Project PROGRESS is a new initiative to create a unique first-time multidisciplinary program that provides an ideal opportunity for participants including students, faculty and the workforce in the state, to develop innovative ideas to grow and sustain renewable energy research in the Commonwealth of Virginia. This proposed program has helped to provide a platform to study, analyze and assess the impact of renewable energy across the state through a curriculum that was hands-on, experiential and project-based. This project also helped to promote the much-needed awareness of the importance of community-based solar energy by engaging various stake-holders in studying its impact and assessing its benefits while supporting and encouraging solar energy growth in Virginia. Project PROGRESS was initiated through a Dominion Foundation Grant to promote renewable solar energy through student driven design research techniques.

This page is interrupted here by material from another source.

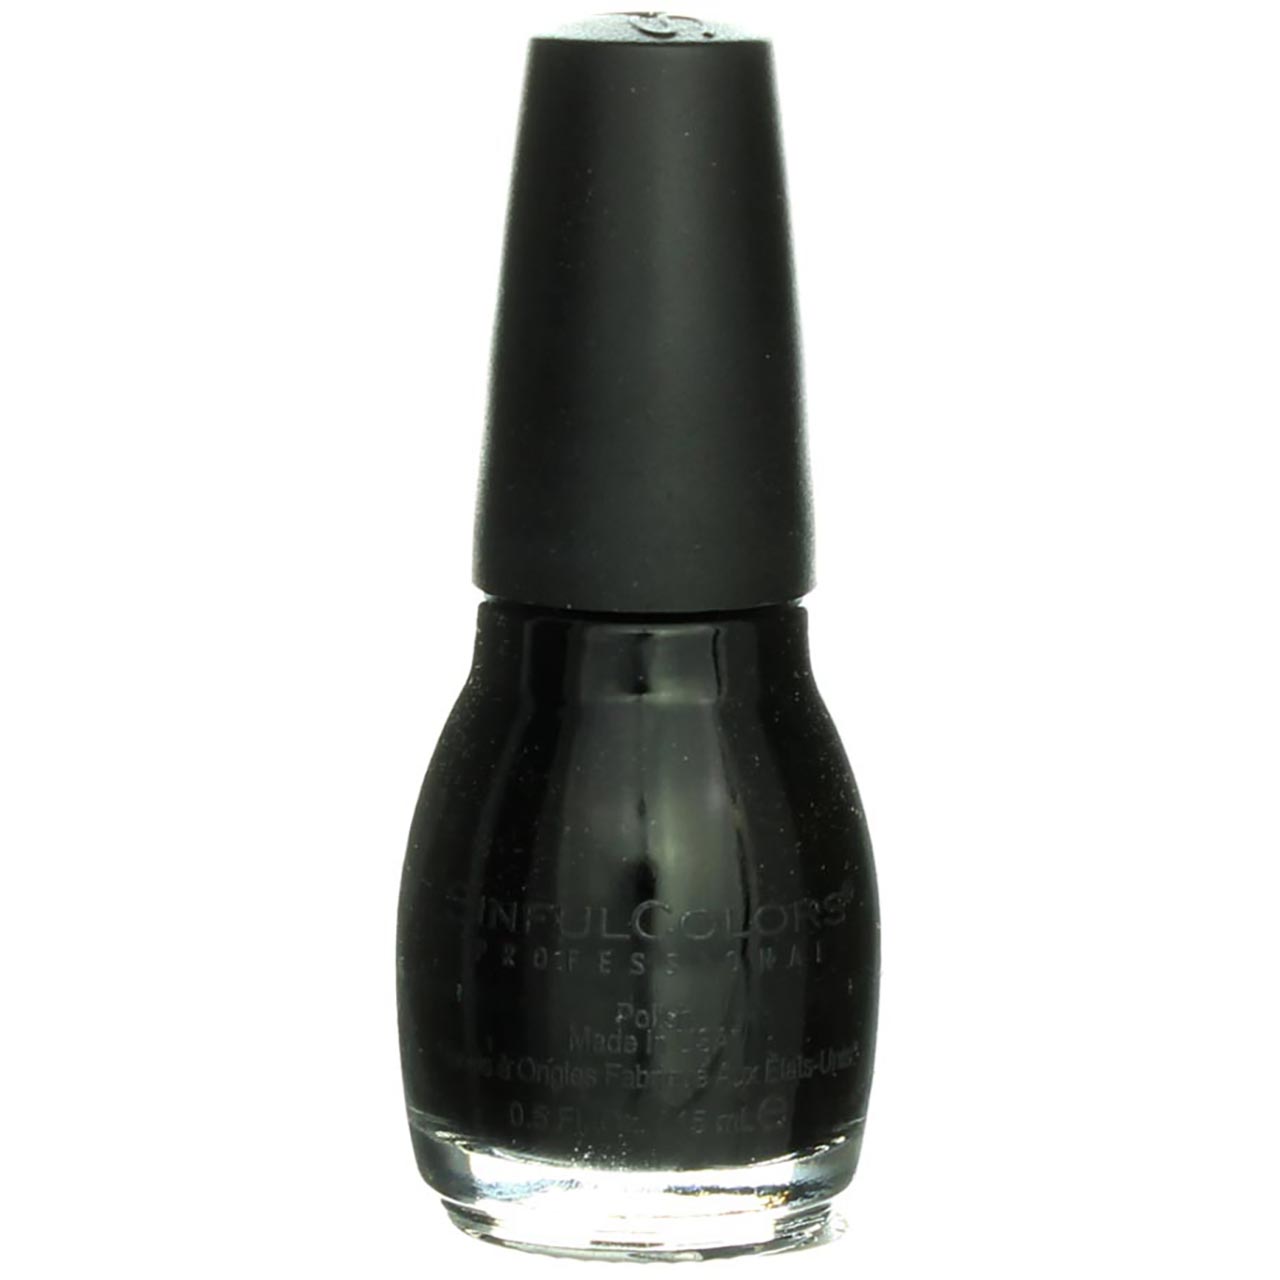 Sinful Colors Professional Nail Enamel, Black On Black 0.50 oz (Pack of 3) - image 1 of 4

Virginia Initiative for Science Teaching and Achievement Elementary Literacy, Integrated with Science at VCU and UVA (VISTA ELIS at VCU and UVA) – Elizabeth Edmondson and Jennifer Maeng, Virginia Commonwealth University and University of Virginia. Richmond,Virginia and Charlottesville Virginia.

The Virginia Initiative for Science Teaching and Achievement, Elementary Literacy Integrated with Science (VISTA ELIS) at Virginia Commonwealth University and the University of Virginia provides professional development to support K-8 teachers from high-needs schools (as defined by the Virginia Department of Education) in integrating science and literacy instruction within a problem-based learning  context. The Next Generation Science Standards Crosscutting Concepts (patterns, matter and energy, cause and effect) serve as the science content instruction foundation. The school-based, sustained, integrated, iterative professional development is supported by the U.S. Department of Education’s Math Science Partnership (MSP) program. 

TRANSITIONS: Transforming Mathematics Instruction Through Mathematical Modeling, Algebraic Thinking and Proportional Reasoning: Teaching and Assessing Understanding – Jennifer Suh – George Mason University- Fairfax County, Virginia.

TRANSITIONS is a VDOE Mathematics Science Partnership program between faculty from the COMPLETE Center at George Mason University (GMU) and nine school divisions that included Arlington County, Frederick County, Fairfax County, Fauquier County, Loudoun County, Manassas City, Manassas Park, Prince William County, and the Virginia Council for Private Education. The focus of this project was on transition across grade levels, elementary to middle and middle to high with a goal to a) Deliver content–focused professional development and coaching, aligned to the 2016 Virginia SOL for mathematics content classroom strategies, and student assessment standards; b) Provide targeted opportunities for meaningful mathematics learning to underrepresented populations to increase the academic achievement of special education, LEP and economically disadvantaged students; c) Develop need-based on-site coach-facilitated Lesson Study and e-learning professional and curricular resources through a collaborative network.

Building Bridges across the Elementary Curriculum using Argument Driven Inquiry – Joanna Garner- The Center for Educational Partnerships, Old Dominion University, Norfolk, Virginia.

Bridges is a partnership between The Old Dominion University Center for Educational Partnerships (TCEP) and school divisions in Virginia’s Tidewater Region 2. The program draws from best practices literature on reform-oriented science professional development and strives to implement recommendations from a large-scale evaluation of Virginia Mathematics and Science Partnership projects. Importantly, it also includes cutting edge innovations, such as the first ever elementary school level application of an evidence-based instructional model called Argument Driven Inquiry. Through professional development and instructional coaching for elementary teachers, the program seeks to meet goals related to Math Science Partnership definitions of teacher quality.